== Segment start ==

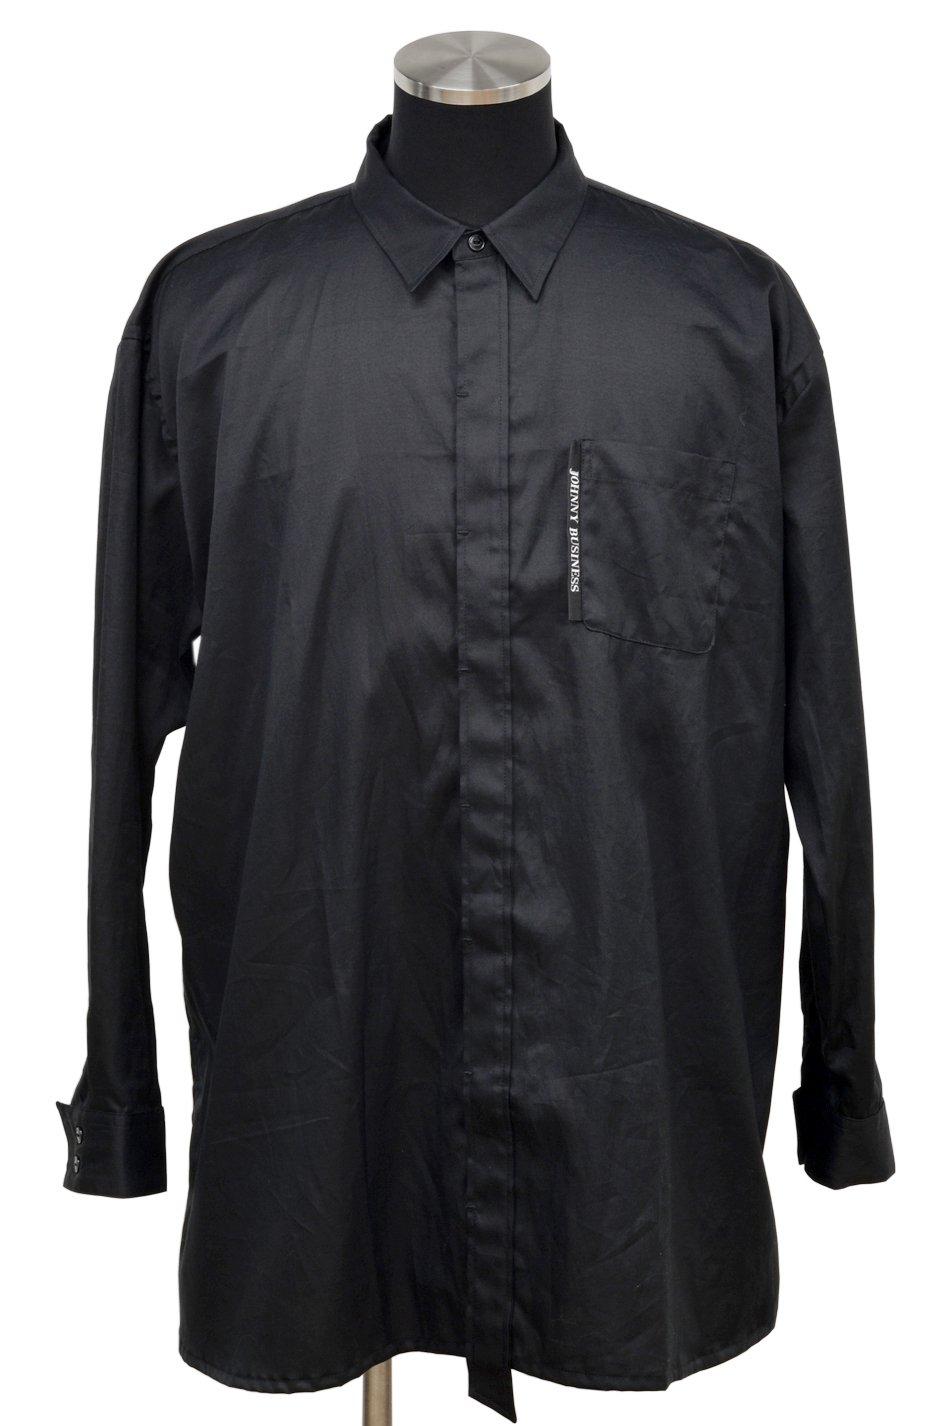 JOHNNY BUSINESS(ジョニービジネス )Plane Shirt / Black
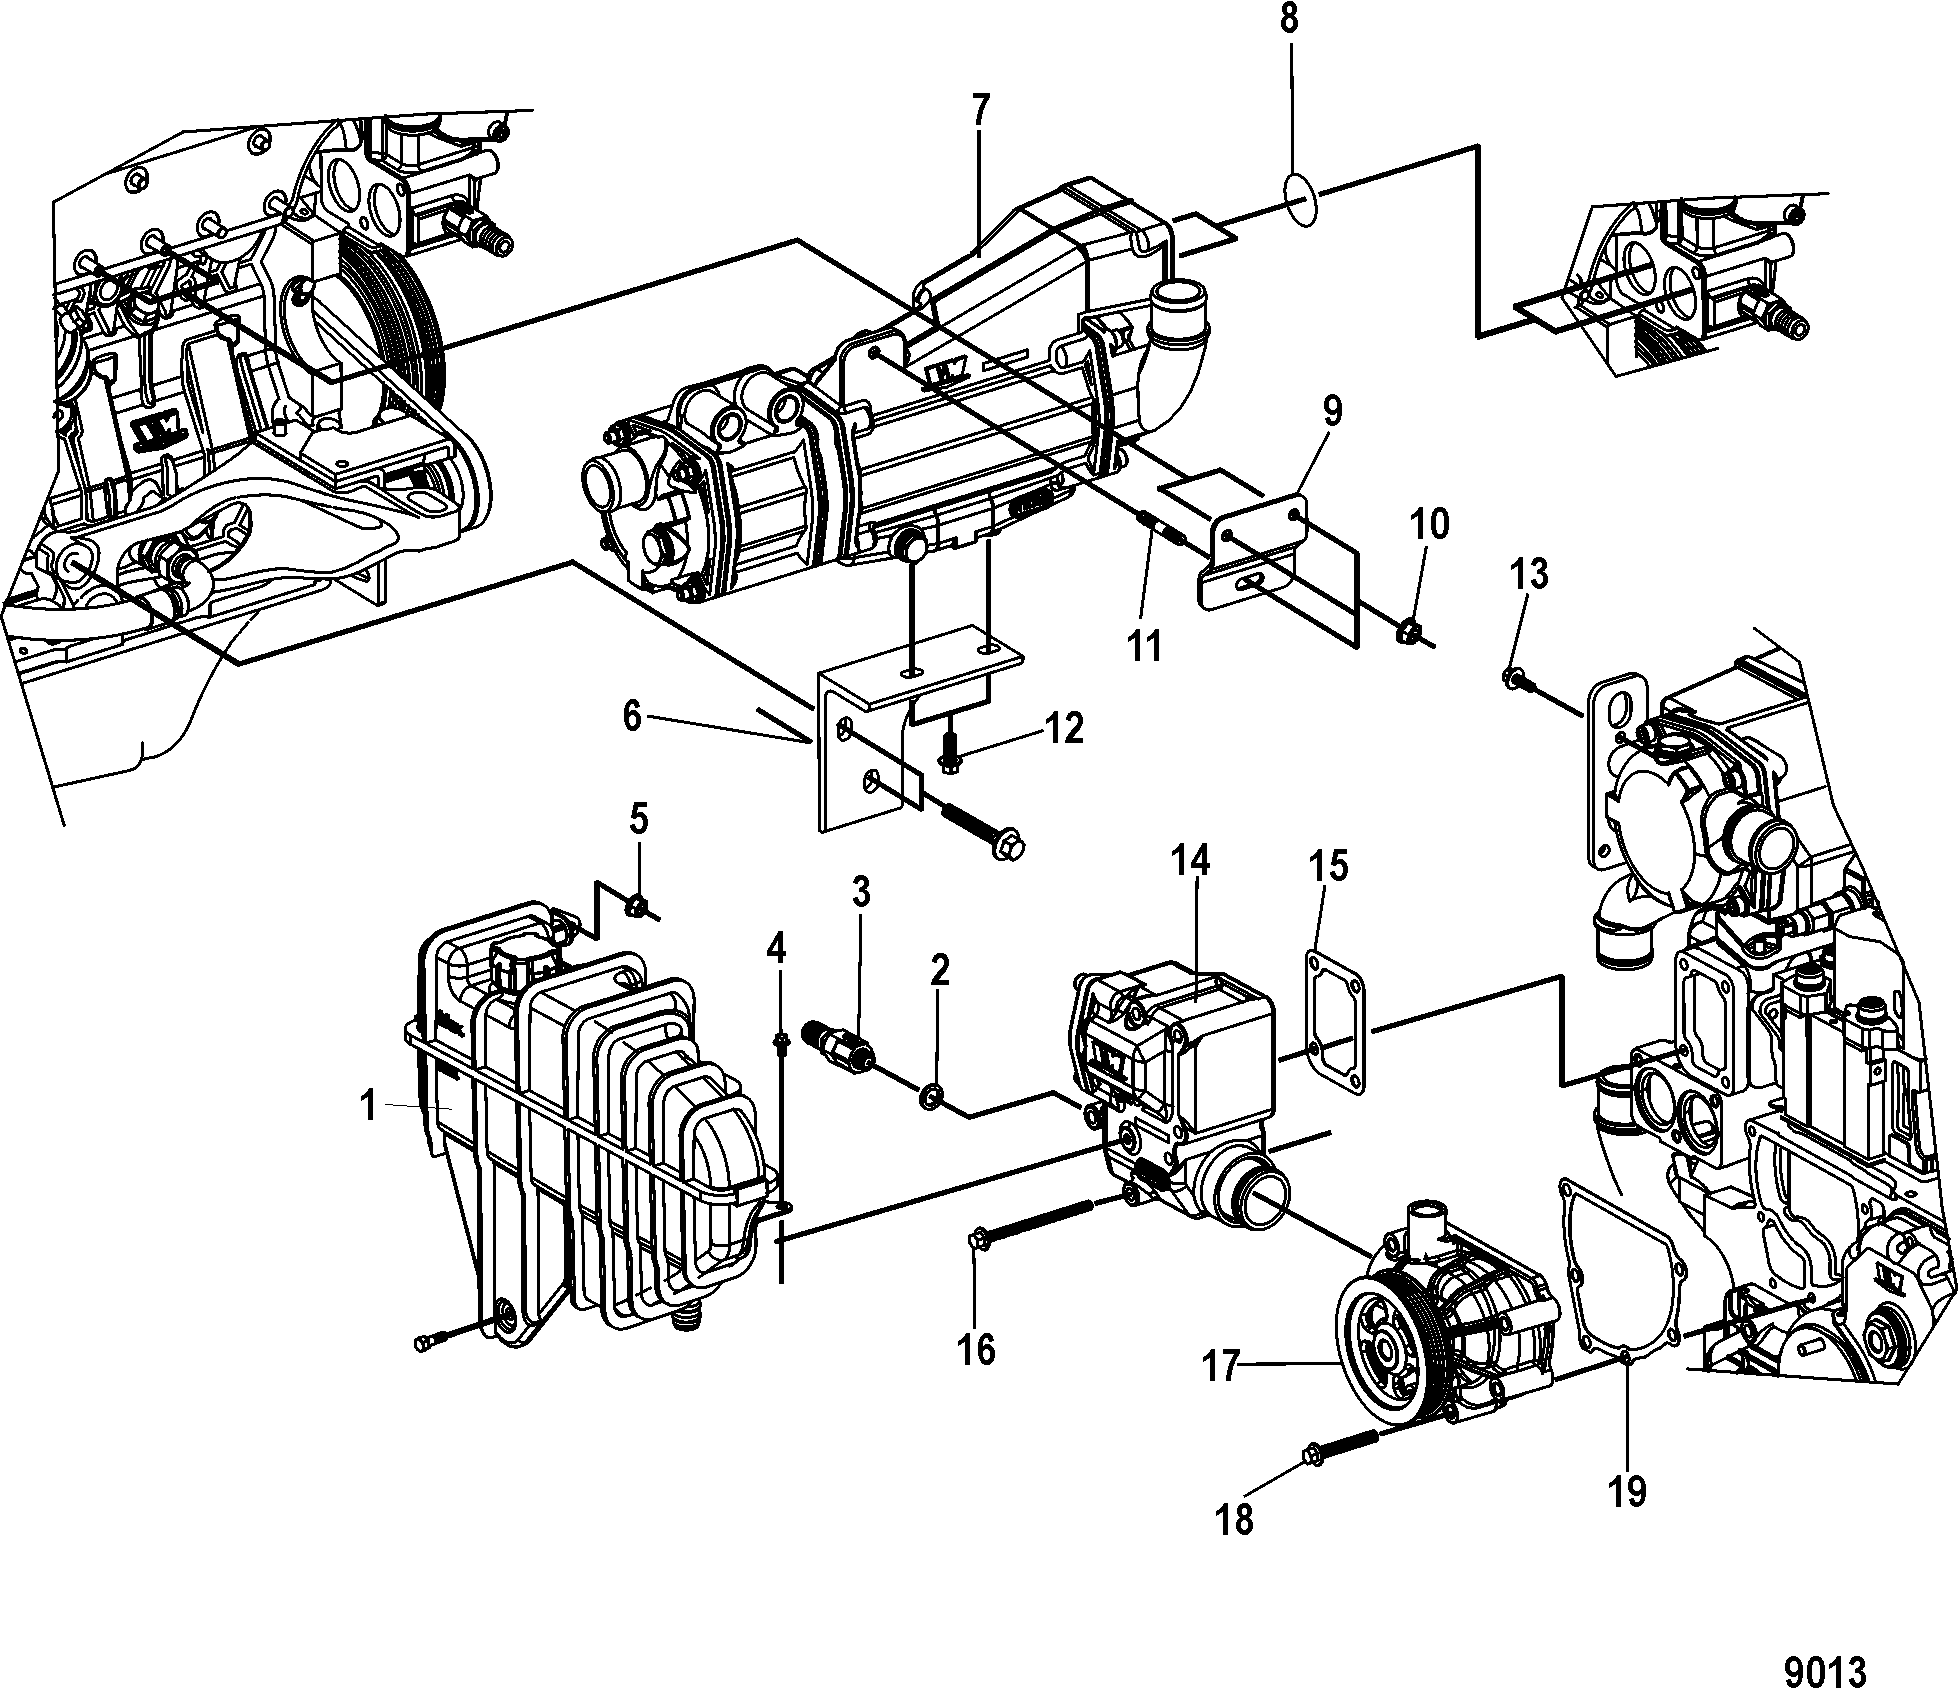 Cooling System ponents FOR MERCRUISER MIE CUMMINS MERCRUISER
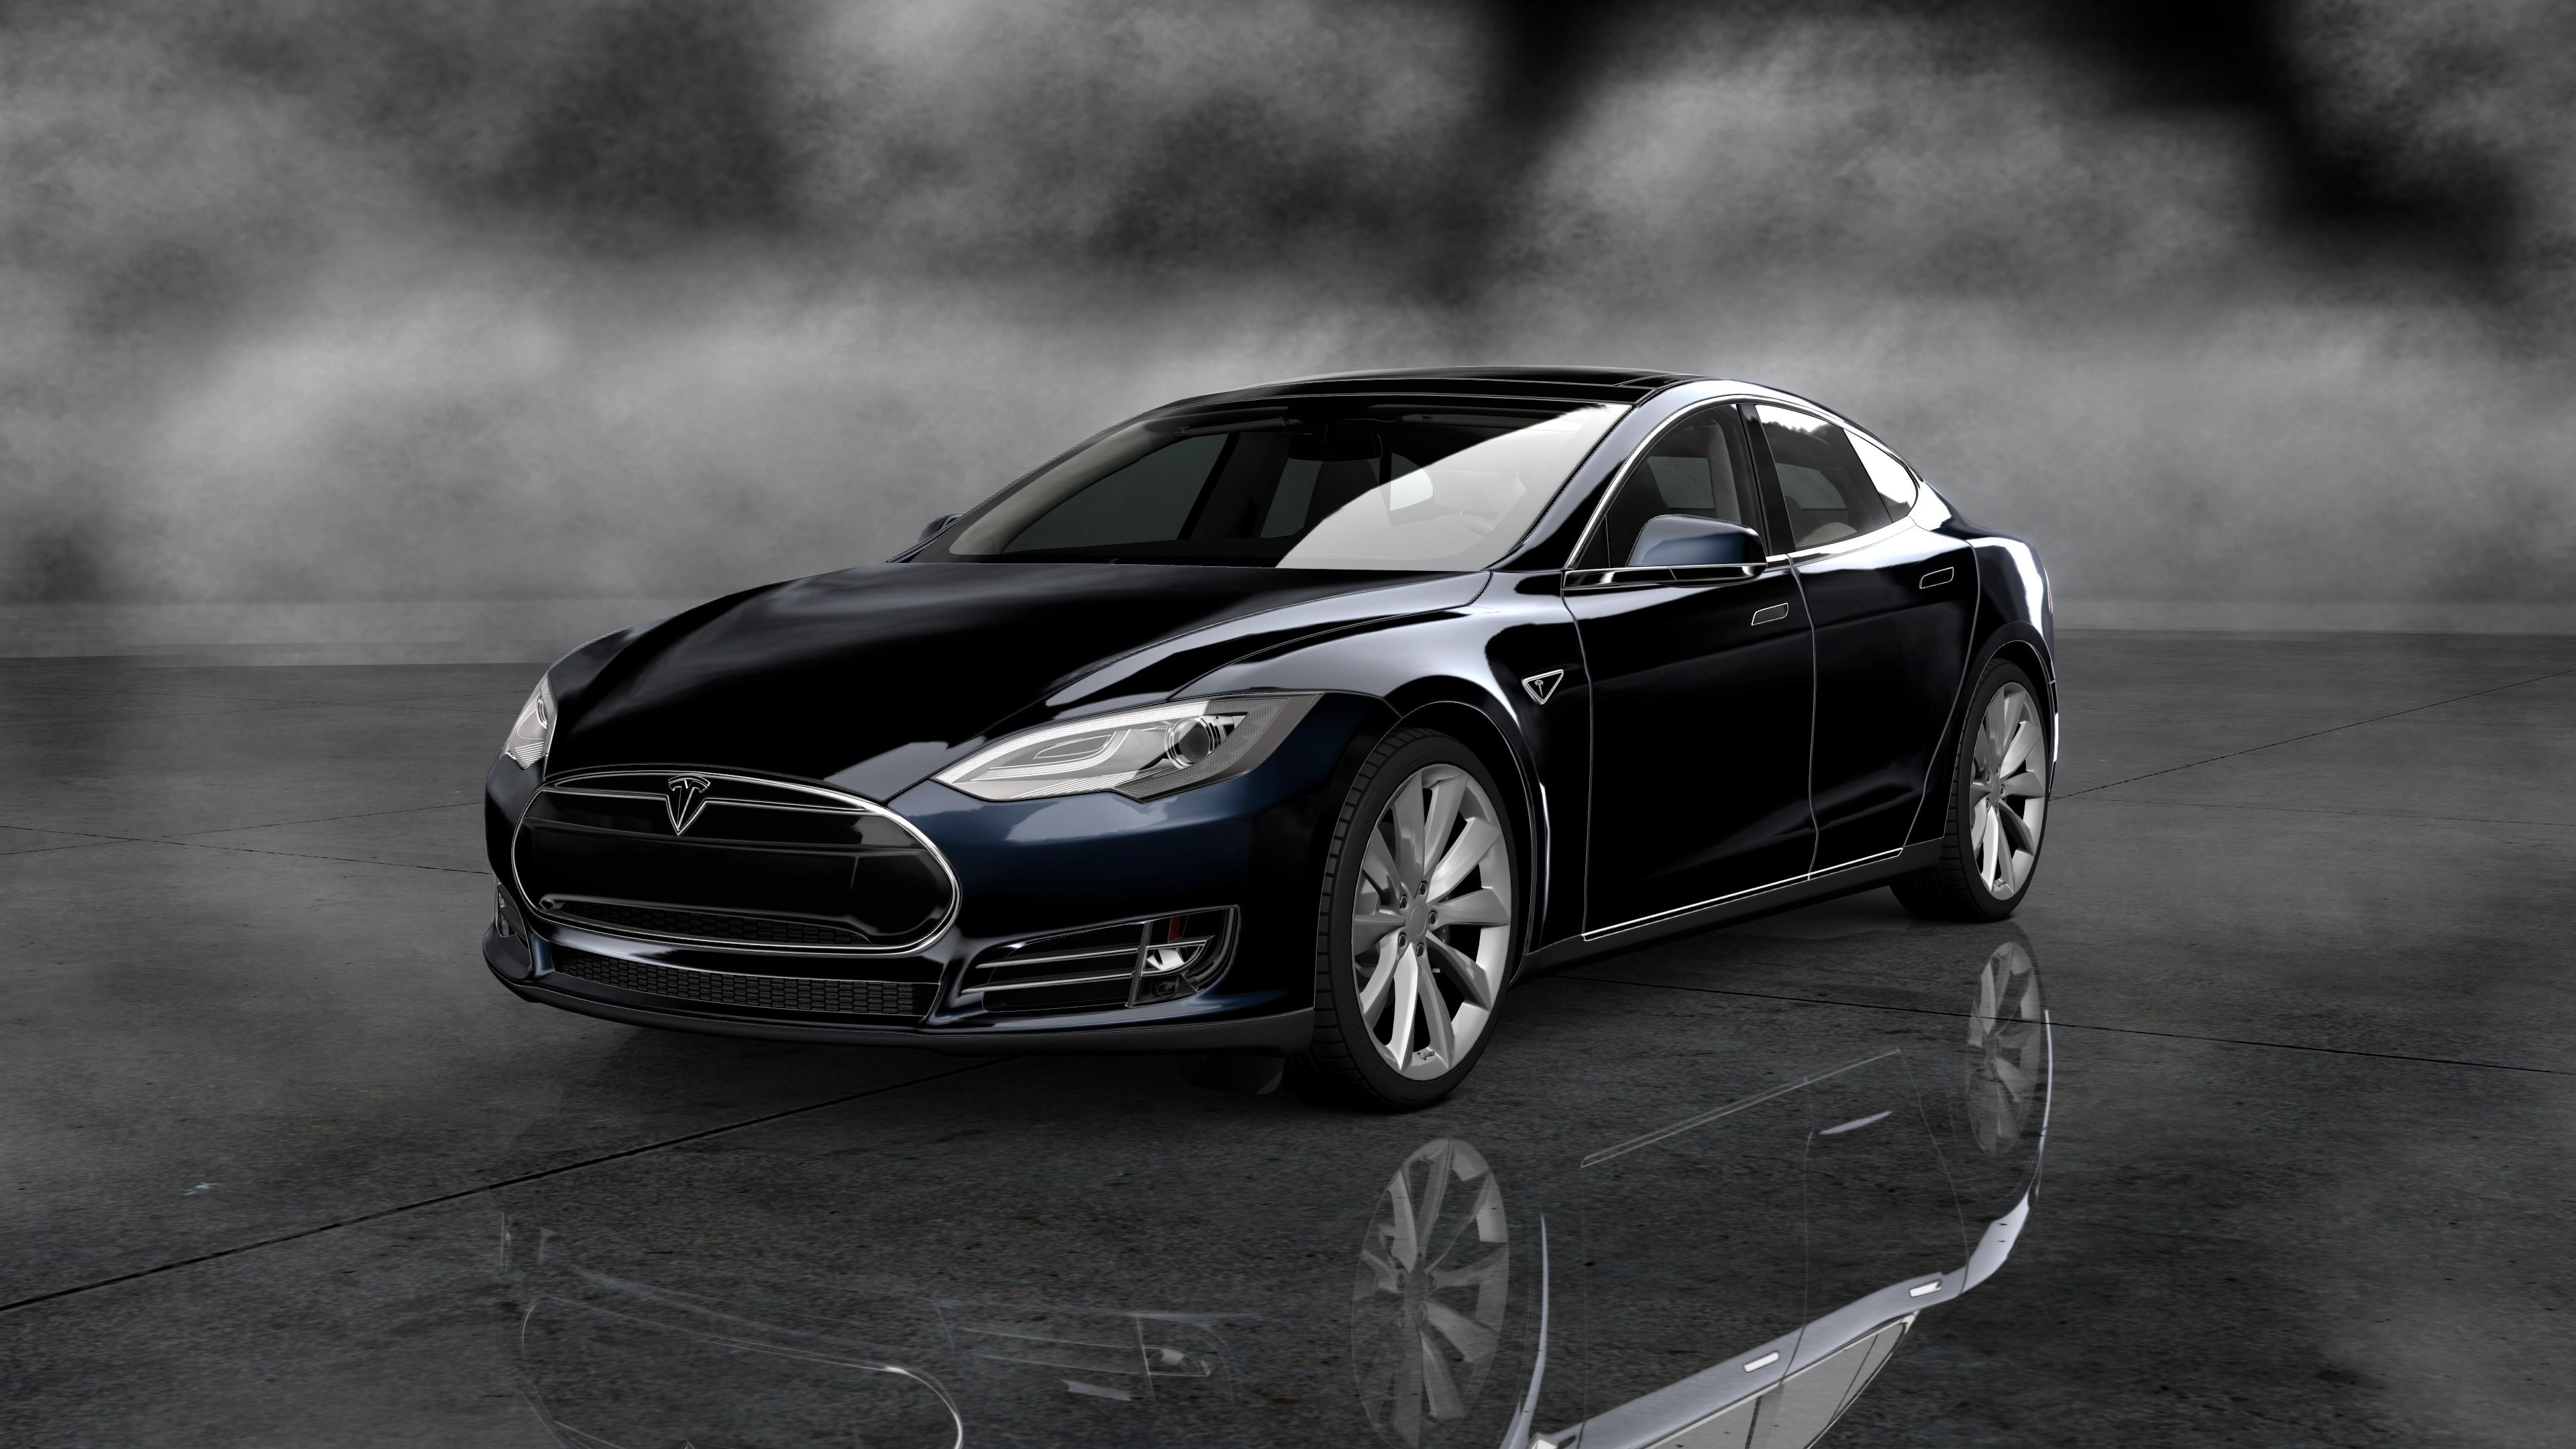 Tesla HD Wallpapers Hd Wallpapers 3840x2160
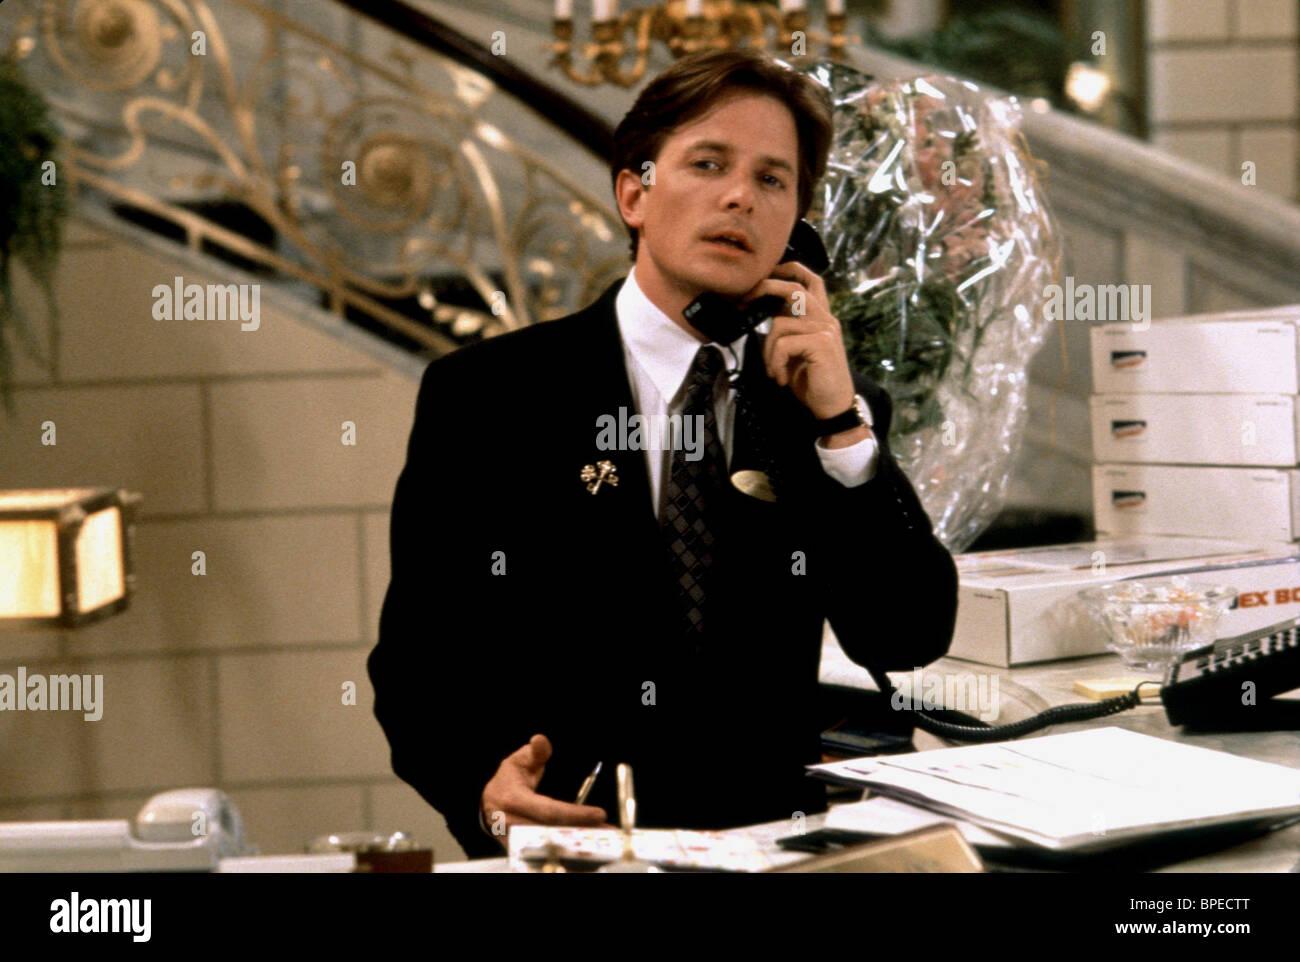 Michael J Fox The Concierge For Love Or Money 1993 Stock Photo Alamy

== Segment end ==

Work required
Word for word, return the listing above; the pictures do not belong in the copy.

Written response
 JOHNNY BUSINESS(ジョニービジネス )Plane Shirt / Black
 Cooling System ponents FOR MERCRUISER MIE CUMMINS MERCRUISER
 Tesla HD Wallpapers Hd Wallpapers 3840x2160
 Michael J Fox The Concierge For Love Or Money 1993 Stock Photo Alamy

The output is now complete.